- [Exercise data]:
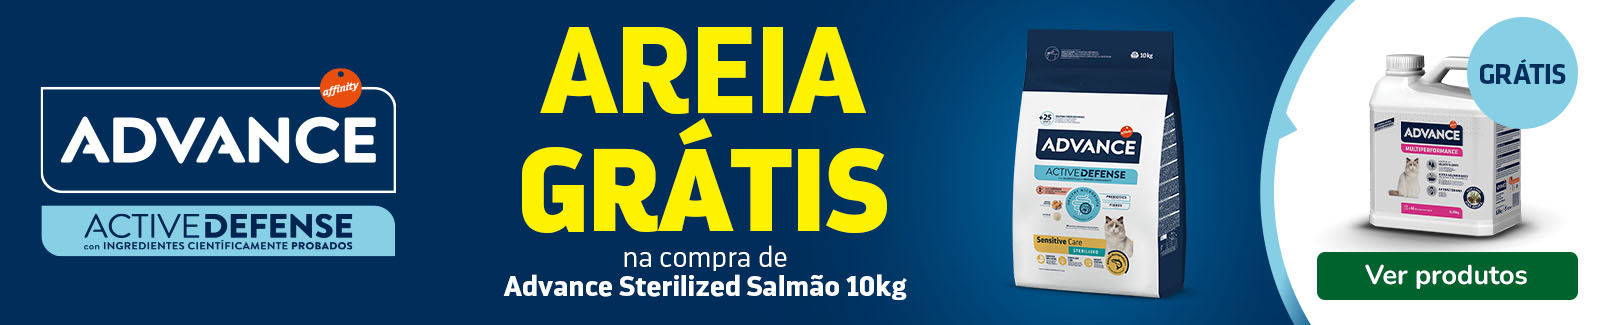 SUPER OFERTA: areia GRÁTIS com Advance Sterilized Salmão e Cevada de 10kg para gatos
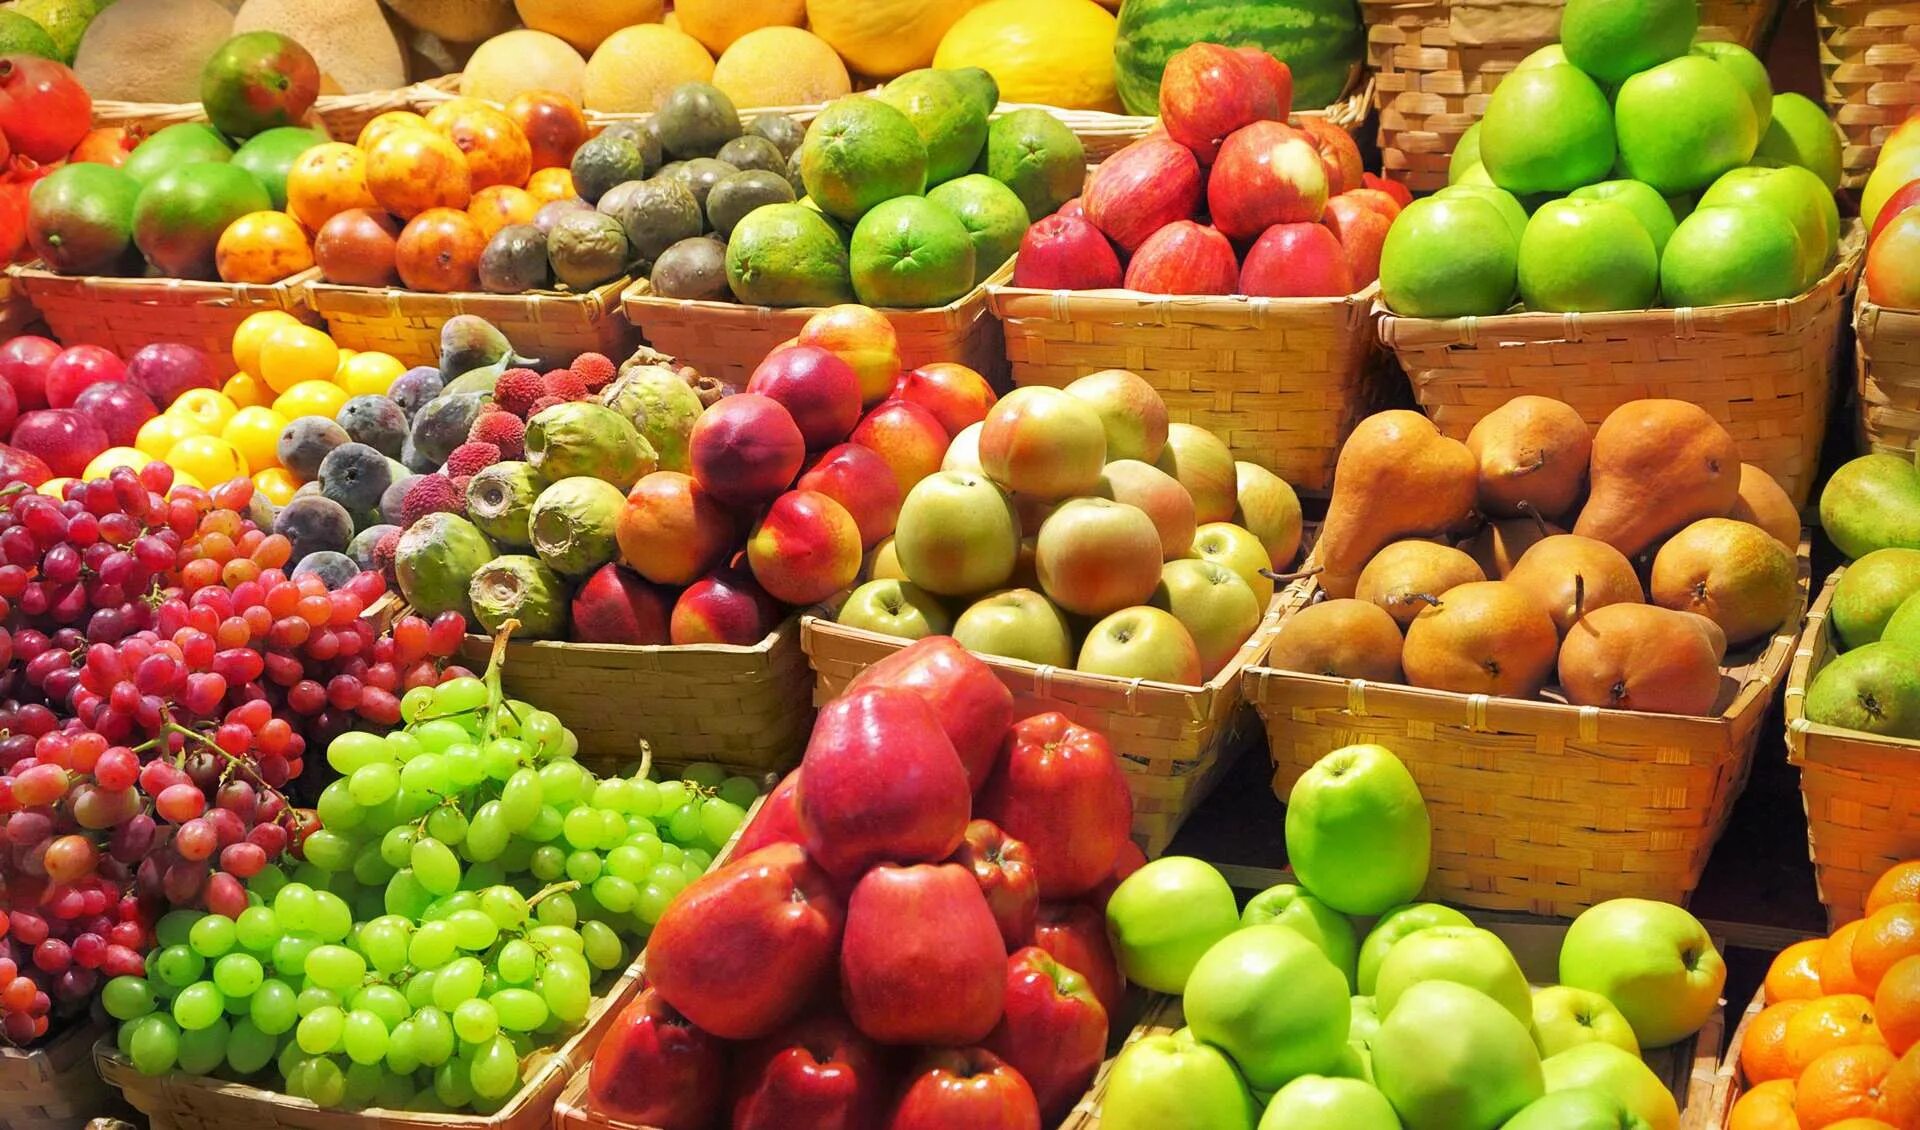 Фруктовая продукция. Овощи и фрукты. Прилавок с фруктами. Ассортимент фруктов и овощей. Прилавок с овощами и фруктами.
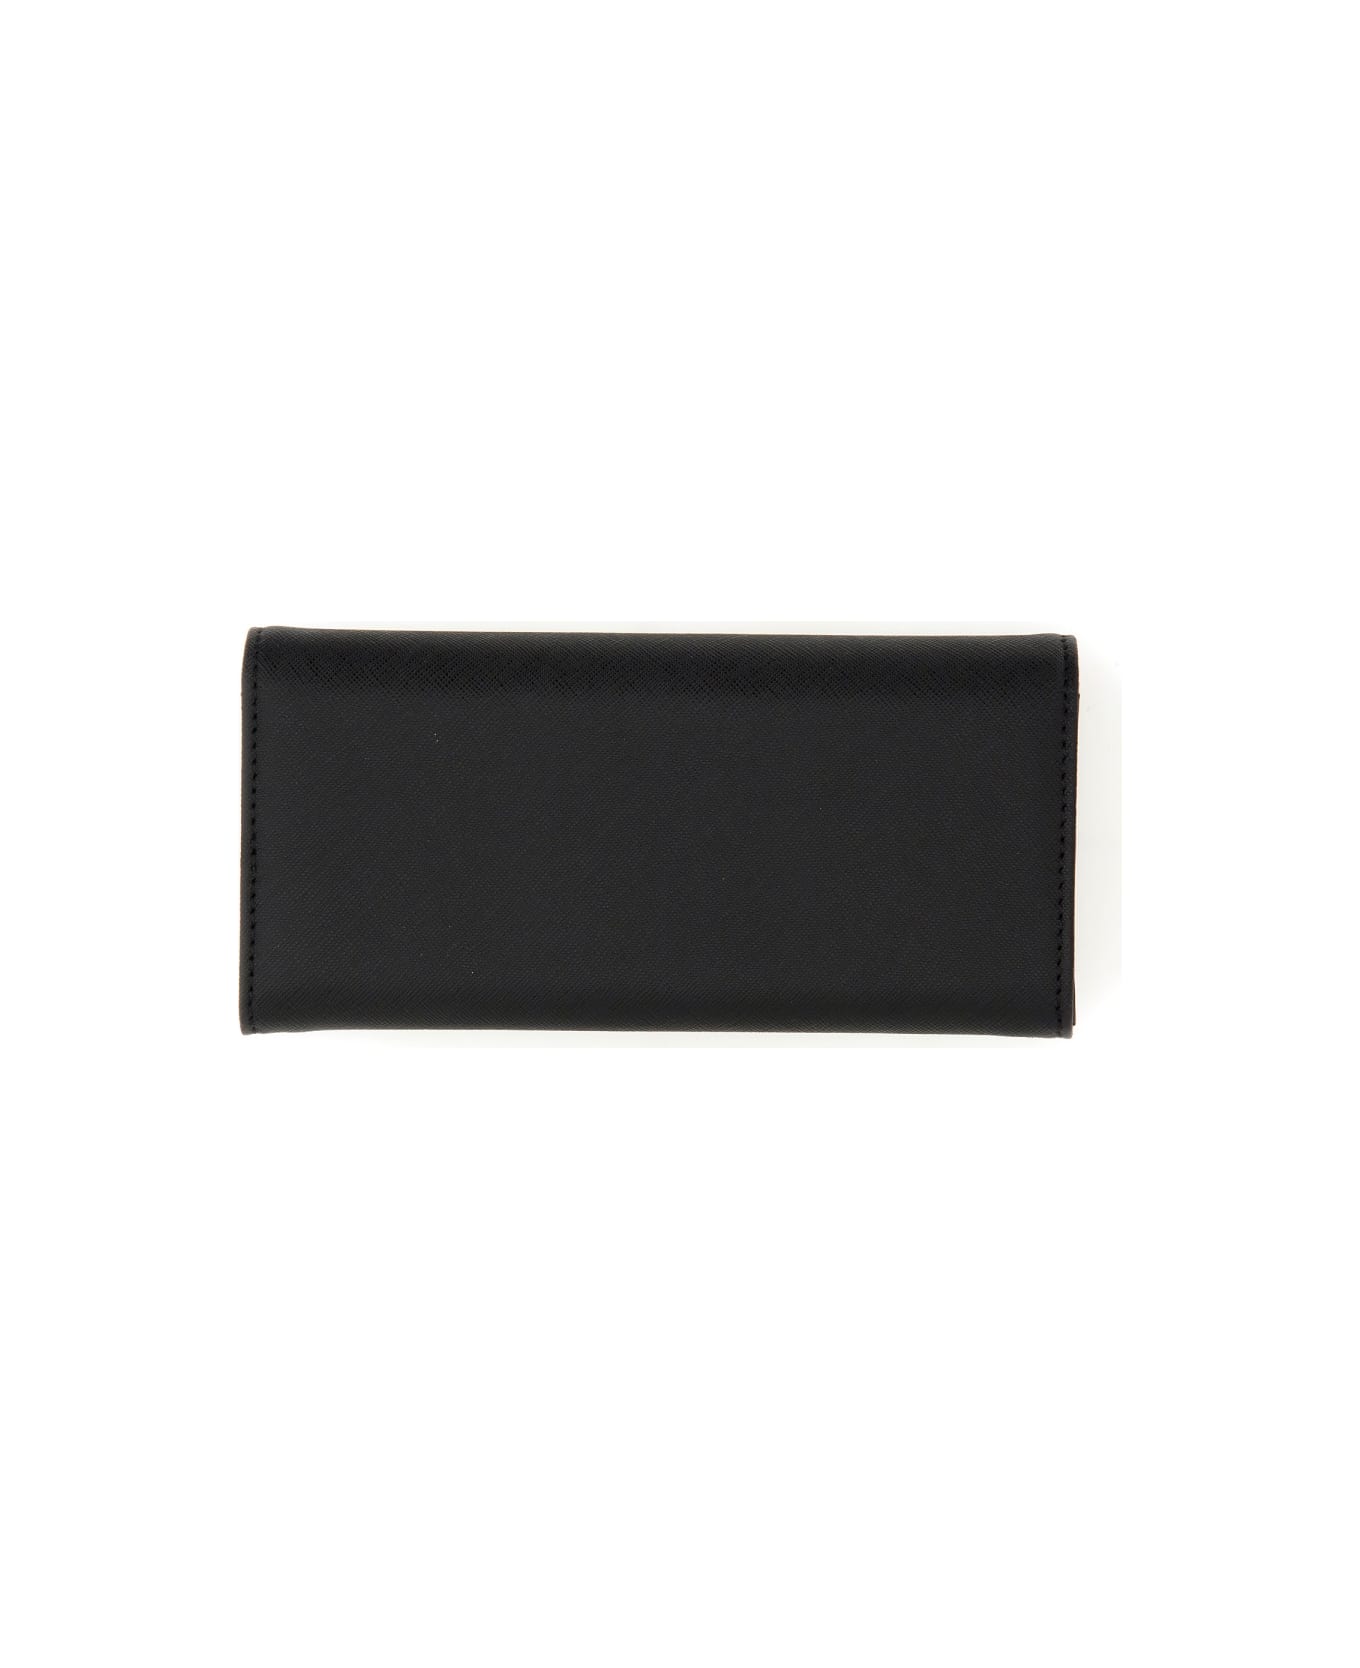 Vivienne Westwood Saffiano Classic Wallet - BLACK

- [Your objective]: When you reach an image, pass over it, and retype all other material exactly.

- [Exercise answer]:
 SUPER OFERTA: areia GRÁTIS com Advance Sterilized Salmão e Cevada de 10kg para gatos
 Фруктовая продукция. Овощи и фрукты. Прилавок с фруктами. Ассортимент фруктов и овощей. Прилавок с овощами и фруктами.
 Vivienne Westwood Saffiano Classic Wallet - BLACK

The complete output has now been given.